What happens to ARRAYFORMULA columns when rows are sorted or filtered?
Sorting the Trades sheet by a column (date, setup type, or P&L) can disrupt ARRAYFORMULA outputs because the formula anchors to specific row positions. The safest approach: never sort the Trades sheet directly. Instead, use the QUERY formula on the Dashboard or a separate Analysis sheet to produce sorted or filtered views of the data. The Trades sheet stays in chronological entry order, and all sorting happens in read-only formula outputs elsewhere.
Is there a limit to how many trades the journal can handle?
Google Sheets handles up to 10 million cells per workbook. At 21 columns per trade, that’s roughly 475,000 rows of trade data, more than any active trader will accumulate. Performance does slow with very large datasets, particularly for QUERY formulas operating over thousands of rows. At above 5,000 trades, consider splitting historical data into an archive sheet and keeping the active Trades sheet to the current year only.

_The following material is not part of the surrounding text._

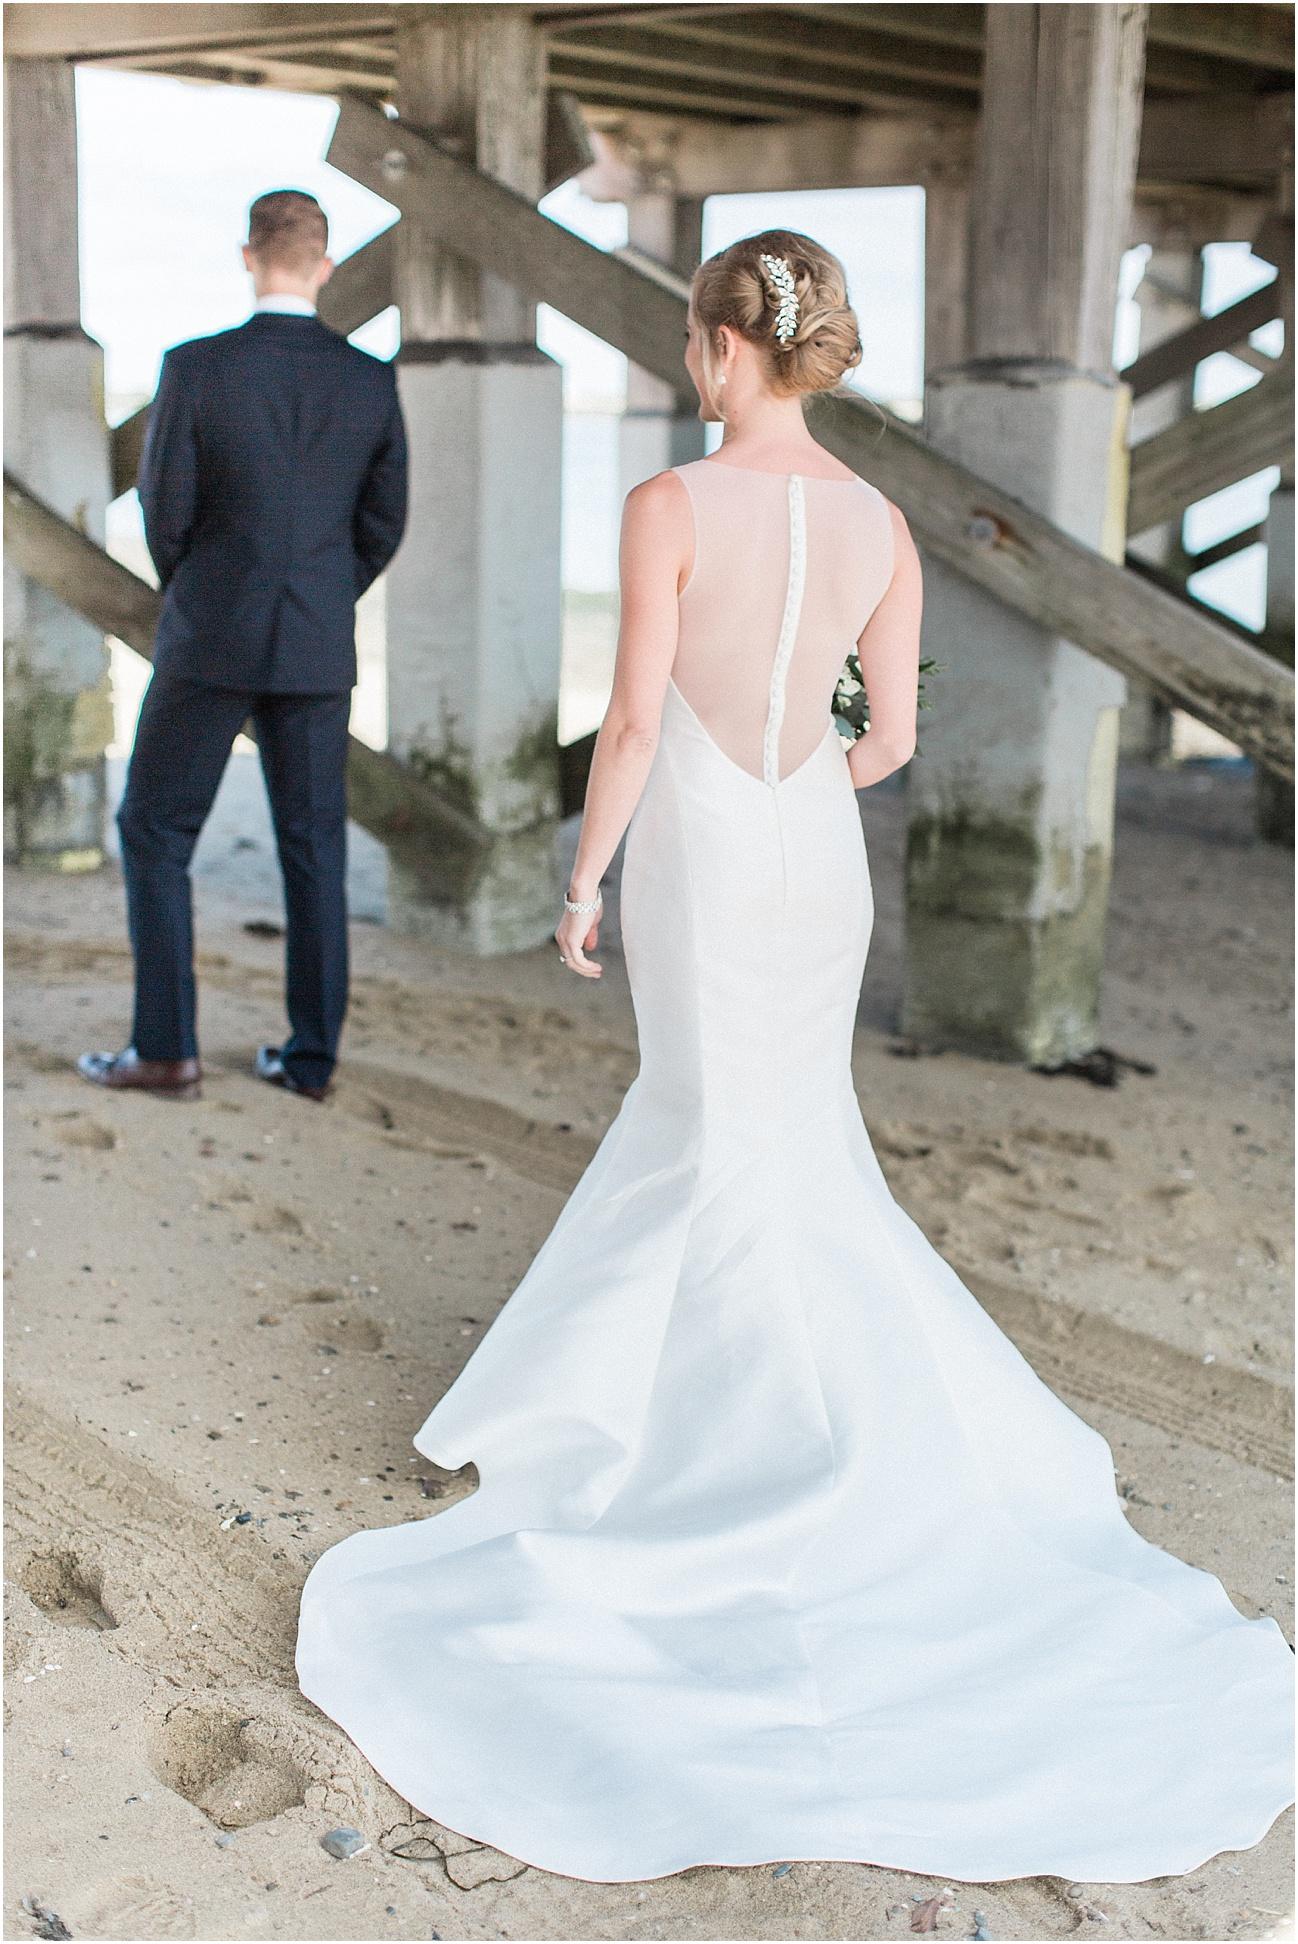 claire_gordon_duxbury_bay_maritime_school_beach_dock_powder_point_bridge_cape_cod_boston_wedding_photographer_meredith_jane_photography_photo_0579.jpg
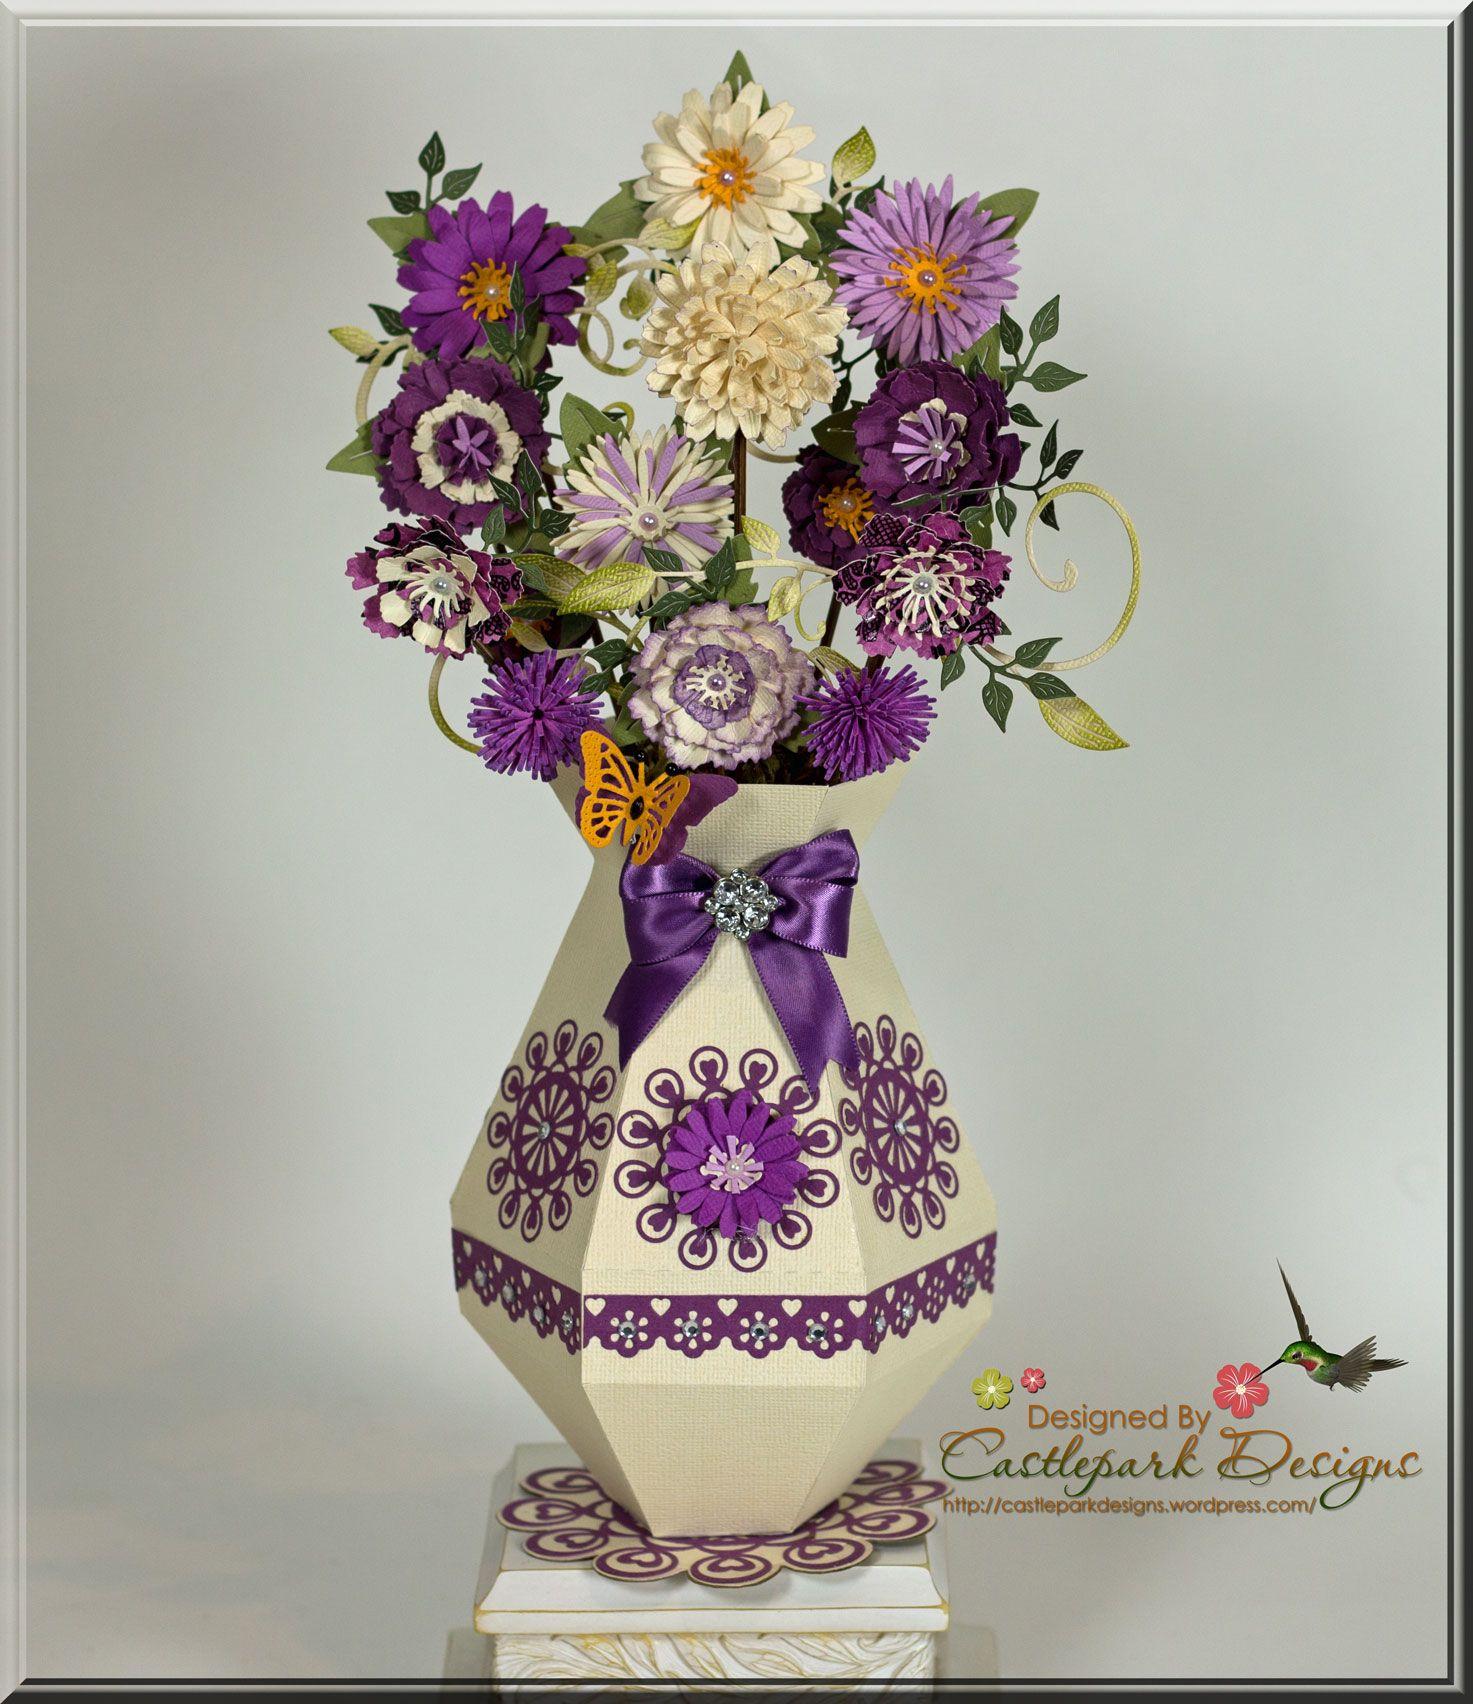 Flower Vase – Pretty in Purple! | Quilling, Tutorials and Quilling ... for Paper Quilling 3d Flower Vase  111ane

Should the journal be shared with a broker or third party for tax purposes?
No. The trading journal is a performance analysis tool, not a tax document. Brokerage statements and official trade confirmations are the appropriate records for tax purposes. The journal figures will differ from brokerage records in some cases (different commission calculations, open trade inclusion) and should not be used as a substitute for official documentation. For tax record-keeping, the broker’s annual statement is the authoritative source.